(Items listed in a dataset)
-------
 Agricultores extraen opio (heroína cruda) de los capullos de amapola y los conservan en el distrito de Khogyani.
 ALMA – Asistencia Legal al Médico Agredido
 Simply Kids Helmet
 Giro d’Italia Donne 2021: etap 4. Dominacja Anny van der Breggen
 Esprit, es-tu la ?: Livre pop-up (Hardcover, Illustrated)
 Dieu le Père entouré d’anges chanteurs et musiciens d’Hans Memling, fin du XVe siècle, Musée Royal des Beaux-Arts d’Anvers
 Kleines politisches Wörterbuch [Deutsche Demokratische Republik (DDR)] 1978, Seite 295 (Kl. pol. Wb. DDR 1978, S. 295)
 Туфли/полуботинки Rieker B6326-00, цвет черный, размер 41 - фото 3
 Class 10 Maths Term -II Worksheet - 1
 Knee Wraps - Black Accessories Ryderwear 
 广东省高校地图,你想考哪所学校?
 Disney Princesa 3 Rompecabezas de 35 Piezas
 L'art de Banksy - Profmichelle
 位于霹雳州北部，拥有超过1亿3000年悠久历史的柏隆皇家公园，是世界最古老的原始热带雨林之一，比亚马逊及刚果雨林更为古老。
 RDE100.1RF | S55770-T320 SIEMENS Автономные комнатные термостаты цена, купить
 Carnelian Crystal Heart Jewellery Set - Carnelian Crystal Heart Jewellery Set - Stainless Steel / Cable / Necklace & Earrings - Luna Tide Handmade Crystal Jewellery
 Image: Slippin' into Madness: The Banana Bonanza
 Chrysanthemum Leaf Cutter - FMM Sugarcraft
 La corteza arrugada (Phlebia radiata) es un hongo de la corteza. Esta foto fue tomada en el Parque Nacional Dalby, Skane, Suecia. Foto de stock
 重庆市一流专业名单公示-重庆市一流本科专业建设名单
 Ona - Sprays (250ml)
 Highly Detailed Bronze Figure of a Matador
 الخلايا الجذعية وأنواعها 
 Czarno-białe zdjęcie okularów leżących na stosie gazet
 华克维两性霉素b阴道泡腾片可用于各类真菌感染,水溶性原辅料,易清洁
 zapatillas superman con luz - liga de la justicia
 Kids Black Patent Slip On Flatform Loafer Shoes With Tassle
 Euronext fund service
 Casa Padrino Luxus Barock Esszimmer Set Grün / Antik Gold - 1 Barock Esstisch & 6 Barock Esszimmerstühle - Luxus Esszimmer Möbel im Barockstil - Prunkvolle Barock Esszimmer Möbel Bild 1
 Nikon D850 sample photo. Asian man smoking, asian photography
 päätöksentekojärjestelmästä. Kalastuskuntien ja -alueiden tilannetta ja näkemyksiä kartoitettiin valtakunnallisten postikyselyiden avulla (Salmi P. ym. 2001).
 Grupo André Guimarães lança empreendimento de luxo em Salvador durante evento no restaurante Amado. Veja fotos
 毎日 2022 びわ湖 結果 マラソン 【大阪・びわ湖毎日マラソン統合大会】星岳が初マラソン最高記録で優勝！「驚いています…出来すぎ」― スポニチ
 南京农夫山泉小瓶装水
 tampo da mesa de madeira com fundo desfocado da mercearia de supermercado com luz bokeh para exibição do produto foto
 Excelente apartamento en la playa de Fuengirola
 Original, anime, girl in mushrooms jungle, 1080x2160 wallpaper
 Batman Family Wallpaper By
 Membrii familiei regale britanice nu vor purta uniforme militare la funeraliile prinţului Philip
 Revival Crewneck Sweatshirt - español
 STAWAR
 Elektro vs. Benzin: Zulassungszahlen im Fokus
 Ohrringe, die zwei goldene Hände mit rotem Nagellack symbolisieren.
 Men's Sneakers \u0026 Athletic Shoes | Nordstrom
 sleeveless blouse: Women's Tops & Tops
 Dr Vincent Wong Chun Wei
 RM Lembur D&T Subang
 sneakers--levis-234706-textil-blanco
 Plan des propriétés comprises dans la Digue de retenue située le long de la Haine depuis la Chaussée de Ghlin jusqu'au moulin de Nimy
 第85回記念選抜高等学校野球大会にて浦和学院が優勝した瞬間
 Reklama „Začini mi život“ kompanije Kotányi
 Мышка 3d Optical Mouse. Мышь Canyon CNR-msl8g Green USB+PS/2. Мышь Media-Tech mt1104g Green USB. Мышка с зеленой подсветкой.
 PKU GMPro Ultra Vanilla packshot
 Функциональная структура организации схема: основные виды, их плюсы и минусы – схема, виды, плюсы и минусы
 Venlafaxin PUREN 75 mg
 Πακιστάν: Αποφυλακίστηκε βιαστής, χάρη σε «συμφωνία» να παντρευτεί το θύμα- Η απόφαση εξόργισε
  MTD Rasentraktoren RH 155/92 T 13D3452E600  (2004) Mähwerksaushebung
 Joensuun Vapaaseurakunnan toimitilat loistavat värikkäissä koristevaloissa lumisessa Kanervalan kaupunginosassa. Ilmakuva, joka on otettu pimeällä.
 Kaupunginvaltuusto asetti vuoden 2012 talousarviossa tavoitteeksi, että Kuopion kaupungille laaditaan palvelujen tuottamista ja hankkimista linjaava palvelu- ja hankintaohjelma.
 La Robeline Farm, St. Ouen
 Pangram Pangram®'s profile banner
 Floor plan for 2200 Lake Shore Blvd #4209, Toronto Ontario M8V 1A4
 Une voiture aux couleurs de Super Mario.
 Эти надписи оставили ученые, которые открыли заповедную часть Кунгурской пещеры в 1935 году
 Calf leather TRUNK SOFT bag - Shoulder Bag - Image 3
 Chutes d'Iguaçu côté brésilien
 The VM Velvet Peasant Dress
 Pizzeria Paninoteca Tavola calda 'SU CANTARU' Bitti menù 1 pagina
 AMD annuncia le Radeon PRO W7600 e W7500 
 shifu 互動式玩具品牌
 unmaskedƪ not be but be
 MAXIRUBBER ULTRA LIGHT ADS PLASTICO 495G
-------
● Problem statement
Lines with the word "Kids" in them should be copied from the preceding records.

● Answer to this task
 Simply Kids Helmet
 Kids Black Patent Slip On Flatform Loafer Shoes With Tassle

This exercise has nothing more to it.